Die Passformalitäten bei der Einreise am Flughafen gestalten sich relativ unproblematisch und auch die Tauschkurse sind absolut fair.

Wir lassen die normalen Taxis aus, überqueren die Straße und bekommen einen akzeptablen Transport in die Innenstadt für umgerechnet ca. 10 €.
Das schöne Hueng Sen Hotel liegt perfekt im Zentrum, an der Dong Khoi und unser geräumiges Zimmer mit Parkettfußboden und wunderschönem Balkon gefällt. Beim gegenüberliegenden Inder gibt es noch ein leckeres Abendessen. Nachtspaziergang und ab ins Bett.
Im Vergleich zum grotesken Dubai sagt uns das quirlige, lebendige Saigon ( Ho Chi Minh City) auf den ersten Blick sofort zu.
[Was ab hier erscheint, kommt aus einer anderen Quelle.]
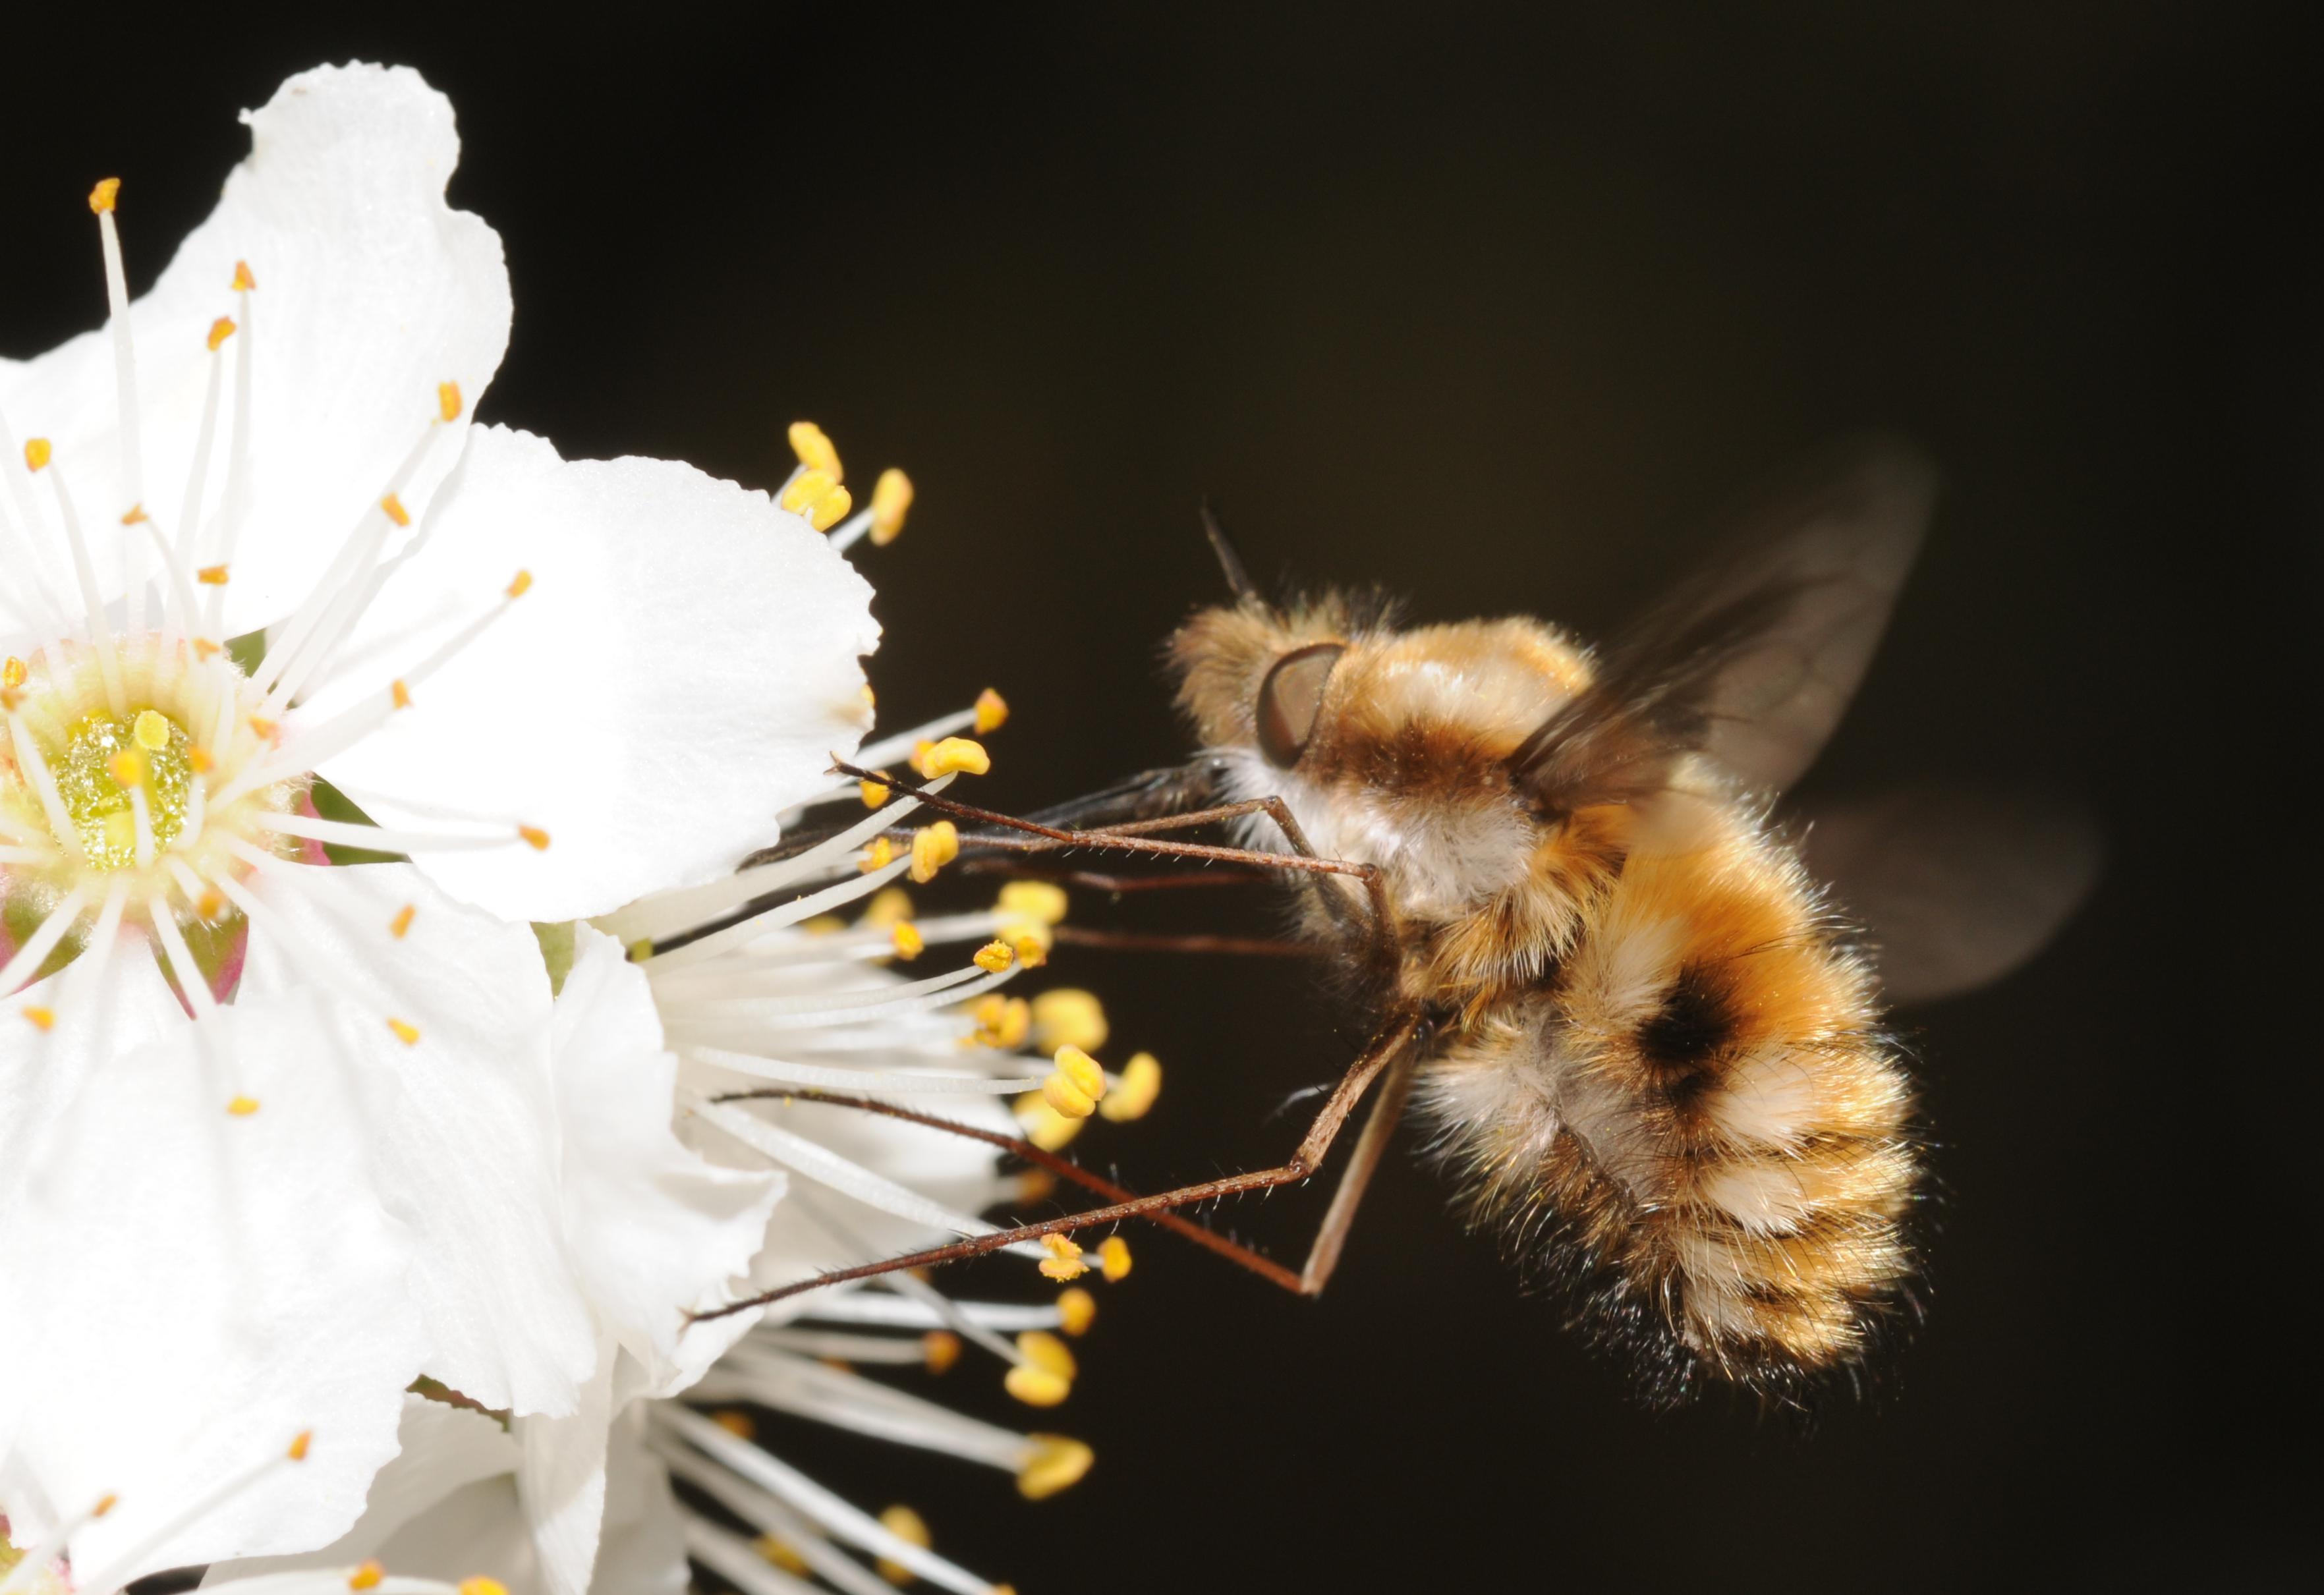 POLLINIS défend tous les pollinisateurs. Ici un bombyle. Photo : Thomas Bresson.
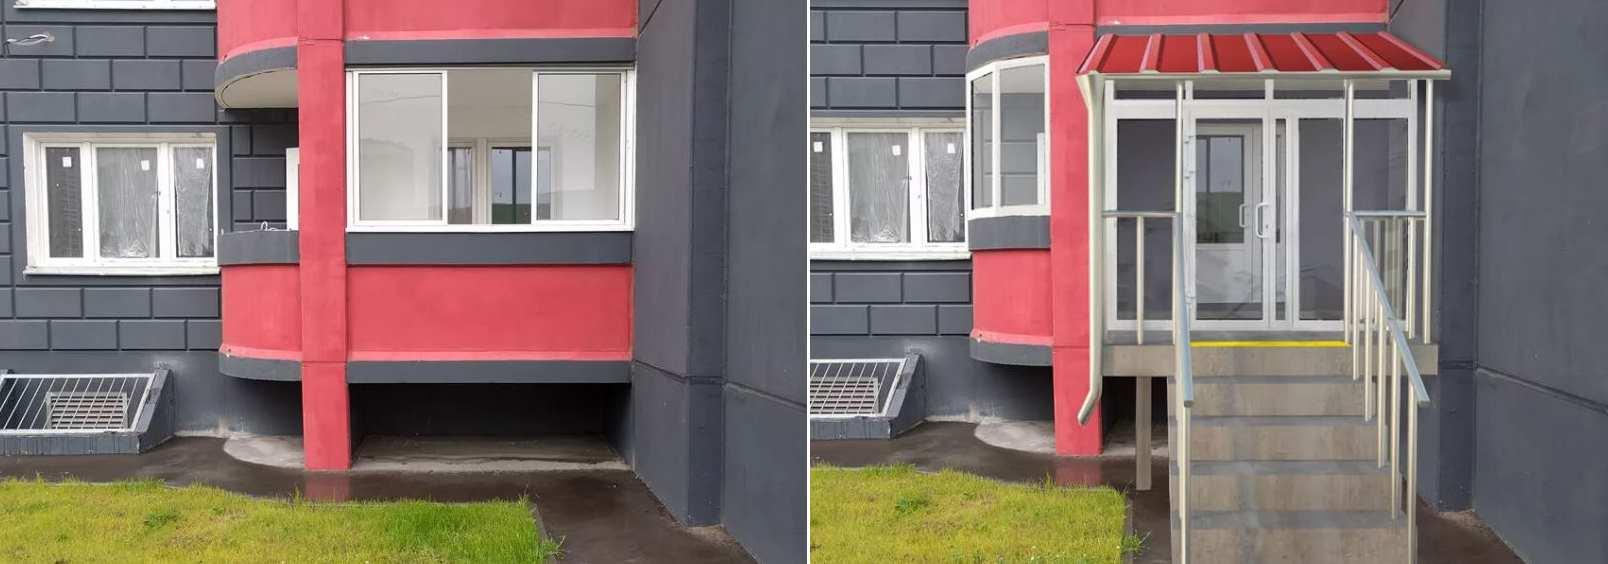 До и после создания входа

Aufgrund der französischen Kolonialarchitektur bietet Saigon zu dem sonst eher nützlichen monotonen Beton auch größere historische Gebäude wie z. B. das alte Postamt oder auch die würdevollen, alten kolonialen Hotels Rex, Caravelle, Continental oder das Majestic Hotel. Wir versenden im alten Hauptpostamt ganz traditionell zwei Postkarten, die wir hier auf alten Holzbänken mit Stift zu Papier bringen. Nostalgie und analoges Erlebnis in Einem. Ein Bahnhofsfeeling mit tollen alten Fließen in einer regulär arbeitenden Poststelle.

In der Kathedrale Notre Dame sind wir nicht willkommen. Einlass nur für betende Einheimische, da Baumaßnahmen stattfinden. Merkwürdig.

Es lässt sich schön schlendern und Menschen beobachten. Zuckerbäckerbaustil- der Sitz des Volkskomitees- das Rathaus. Wir erleben den Sonnenuntergang in der Heli-Bar über Saigon im Bitexco-Financial Tower in etwa 178 m Höhe, welches einer Lotusblüte nachempfunden wurde.

In den lokalen Streetfoodständen probieren wir diverse Pho´s, die hiesigen Nudelsuppen, in verschiedenen Geschmacksrichtungen aus und auch die frischen, vietnamesischen Frühlingsrollen in Reispapier (auch Sommerrollen genannt) sind sehr sehr lecker.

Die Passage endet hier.